The project.ts file holds the majority of the configuration settings for your SubQuery project. It includes details such as the data sources your project will be connecting to, the starting block for indexing, the specific handlers that will be used for different events, and more.

When setting up your own SubQuery project, you will need to update this file to match your specific requirements.

For more information, please check the full documentation about Manifest File.

Setting up the GraphQL Schema

The schema.graphql file outlines the various GraphQL schemas. The structure of this file essentially dictates the shape of your data from SubQuery. If you're new to writing in GraphQL schema language, consider exploring resources like Schemas and Typesopen in new window. Here are a few elements to take into consideration when setting up your GraphQL Schema:

  1. Defining Entities: In SubQuery, each entity should define a required id field with the type of ID!, serving as the unique primary key.
  2. Supported Scalars and Types: SubQuery supports various scalar types like ID, Int, String, BigInt, Float, Date, Boolean, <EntityName>, JSON, and <EnumName>.
  3. Entity Relationships: An entity often has nested relationships with other entities. Setting the field value to another entity name will define a relationship between these two entities.
  4. Indexing: Enhance query performance by implementing the @index annotation on a non-primary-key field.
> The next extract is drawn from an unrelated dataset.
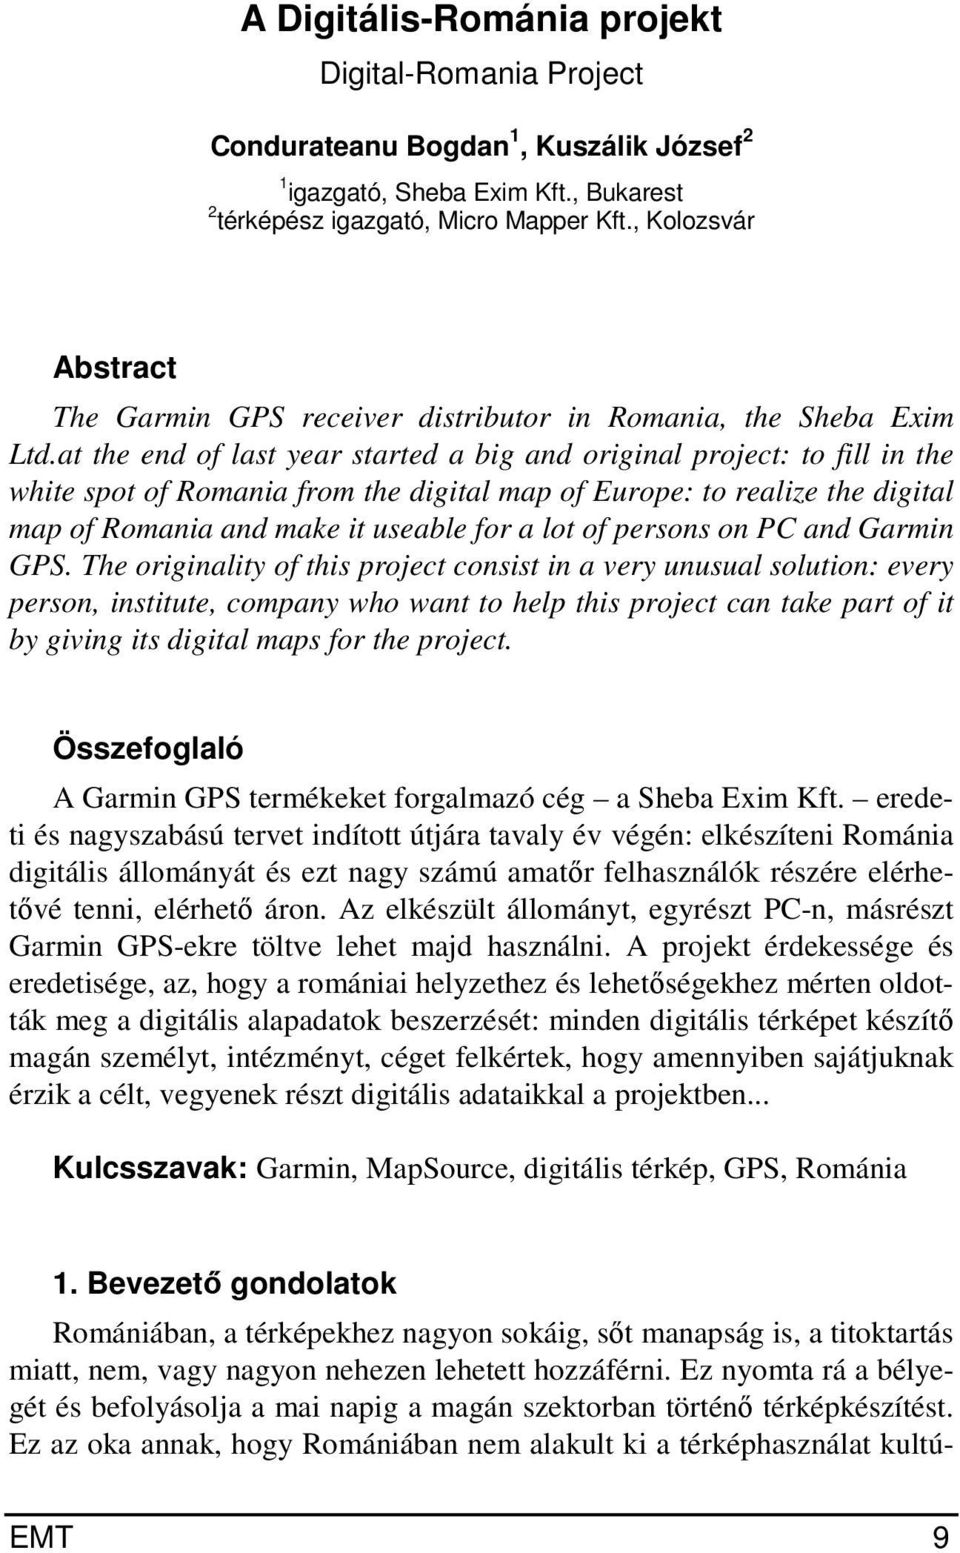 at the end of last year started a big and original project: to fill in the white spot of Romania from the digital map of Europe: to realize the digital map of Romania and make it useable for a lot of

Here's an example of what your GraphQL Here is an example of a schema which implements all of these recomendations, as well a relationship of many-to-many:

Tips

The comments put in the GraphQL schema are automatically converted into sentences included in the docs of your GraphQL playground.

"""
User entity: Stores basic user data.
"""
type User @entity {
  id: ID!
  # To define a simple user type with a uniqueness constraint on the username, you simply add the @unique directive to the username field.
  name: String! @index(unique: true)
  email: String @index
  createdDate: Date
  isActive: Boolean
  profile: UserProfile
}

"""
UserProfile entity: Stores detailed user data.
"""
type UserProfile @entity {
  id: ID!
  bio: String
  avatarUrl: String
}

"""
Post entity: Represents user posts.
"""
type Post @entity {
  id: ID!
  title: String!
  content: String
  publishedDate: Date
  author: User @index
}

Code Generation

SubQuery makes it easy and type-safe to work with your GraphQL entities, as well as smart contracts, events, transactions, and logs. SubQuery CLI will generate types from your project's GraphQL schema and any contracts (defined by JSON ABIs or Cosmos Protobufs) included in the data sources.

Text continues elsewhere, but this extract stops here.